No entanto, ela aponta a falta de investimento público como um dos grandes entraves para o desenvolvimento da cultura local: “A gente precisa de mais políticas públicas que realmente fomentem ainda mais, porque a gente já tem muitas potências na cidade. Sem política pública, a gente não avança!”.
Para Cecília, a geração de artistas que se formou nos últimos anos, muitos egressos do curso de Rádio e TV da UFRN, foi fundamental para o crescimento da cena audiovisual da cidade. “A gente meio que conheceu uma galera que tem feito toda essa revolução cultural na cidade”, conta ela, citando nomes importantes da cidade.
Ribeira: resistência cultural em meio ao abandono
O abandono da Ribeira, um dos pontos turísticos mais importantes de Natal, também é tema da conversa. Cecília lamenta o processo de esvaziamento do local e a especulação imobiliária que visa transformar a área em um “território que não vai ser pra gente”. Apesar disso, ela reconhece que ainda existe um movimento de resistência cultural na Ribeira.

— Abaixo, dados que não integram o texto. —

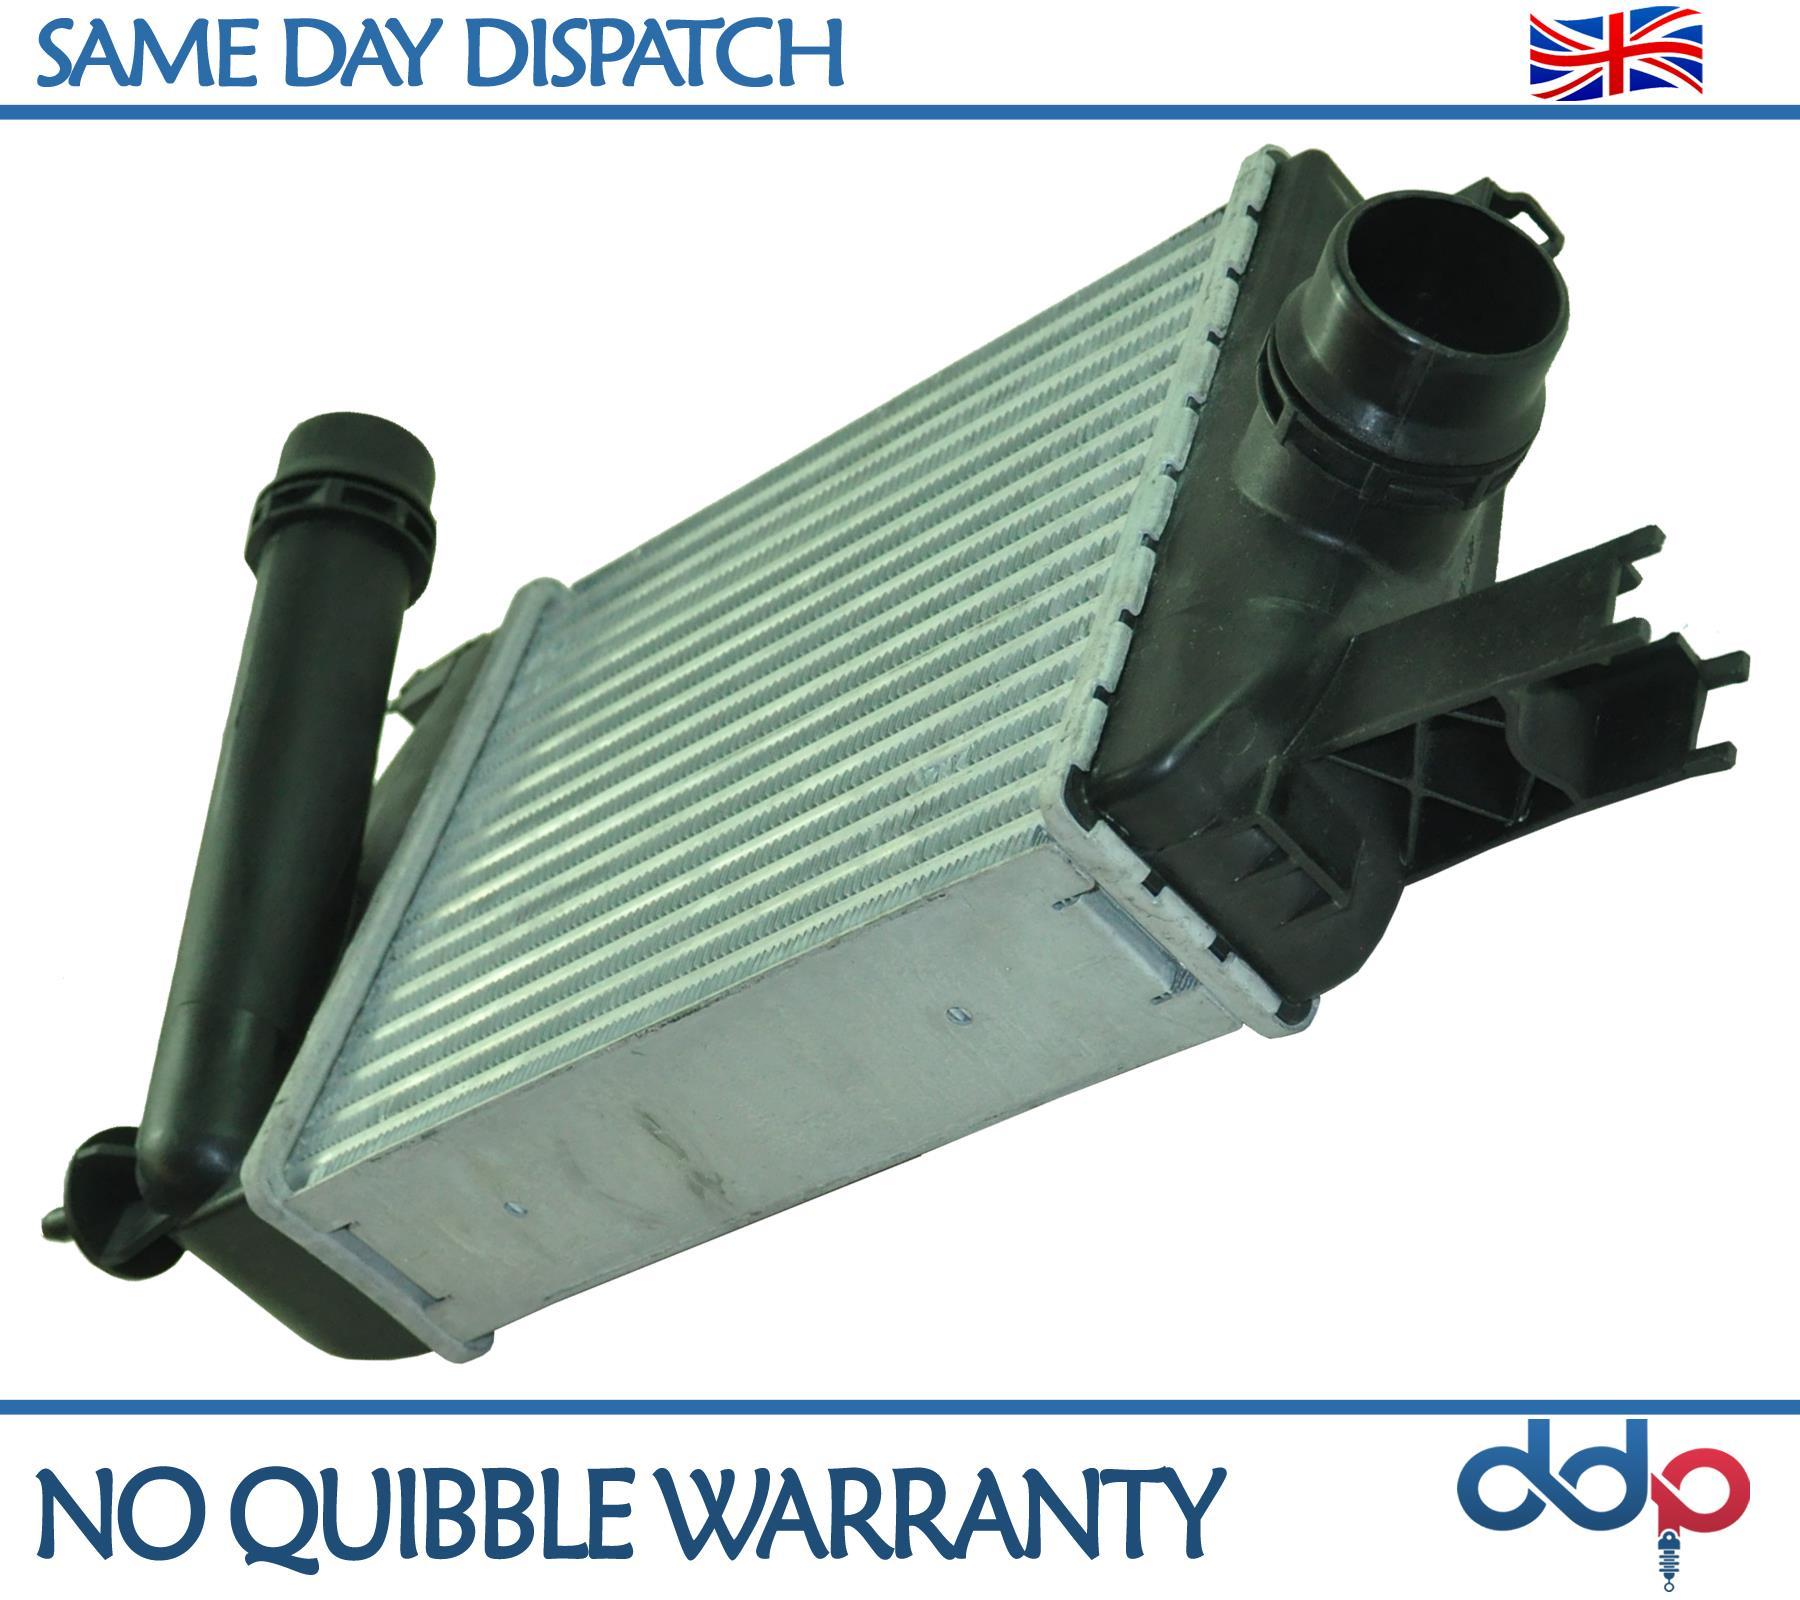 Turbo tuyau tuyau LADELUFT Manifold pour Dacia Dokker Lodgy 1.5 dCi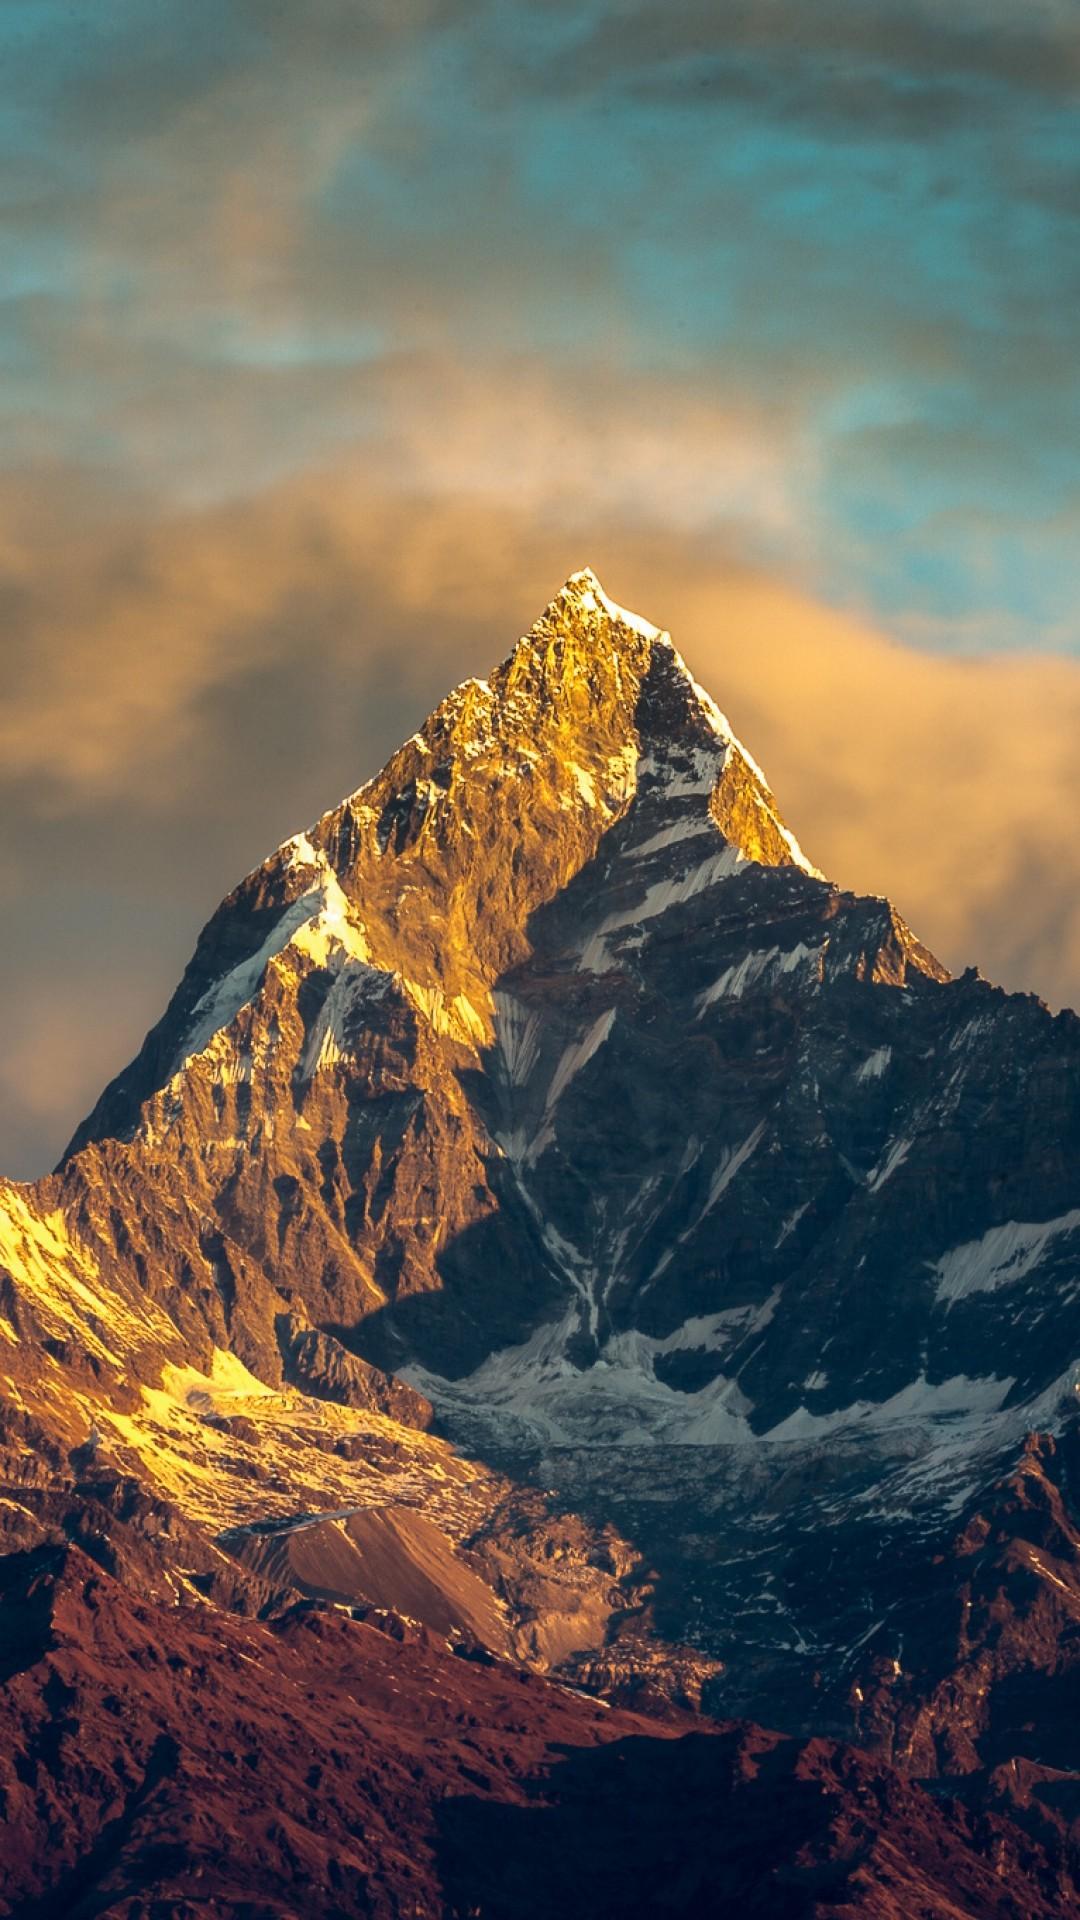 Nepal wallpaper wallpapertag - Himalaya pictures wallpaper ...

Música eletrônica e a nostalgia da geração “só rock!”: um novo olhar sobre a cultura
O movimento da música eletrônica, em especial do house, também chama a atenção de Cecília. Apesar de se declarar da geração “só rock!”, ela se encantou com o estilo e sua capacidade de reunir pessoas de diferentes gerações. Ela relembra com bom humor as festas temáticas da época da faculdade, como a “Pum!”, e comemora a diversidade da cena cultural atual: “Hoje eu quero dançar até o chão e me divertir, e depois quero escutar um jazz”.
Valorizar o que é local e fortalecer a cena cultural potiguar
Ao final do podcast, Cecília deixa um recado importante: precisamos valorizar os artistas locais e reconhecer sua importância para a cidade. “Você também pode ser foda aqui! A gente precisa pensar que as pessoas são fodas aqui. Elas não precisam ir pra fora para serem fodas”.
Ela convida a todos a abraçarem as produções alternativas da cidade, a seguirem o Apartamento 702 e a se informarem sobre seus direitos como cidadãos. “Você não só dá certo quando você tá a nível nacional ou a nível internacional. Você também pode ser foda aqui! A gente precisa pensar que as pessoas são fodas aqui. Elas não precisam ir pra fora pra serem fodas”.
A entrevista com Cecília Oliveira é um convite à reflexão sobre a importância da cultura em nossas vidas e sobre como podemos contribuir para fortalecer a cena local. Que a gente possa aprender com sua história e seguir celebrando a potência da arte potiguar, com brilho, militância e muito amor.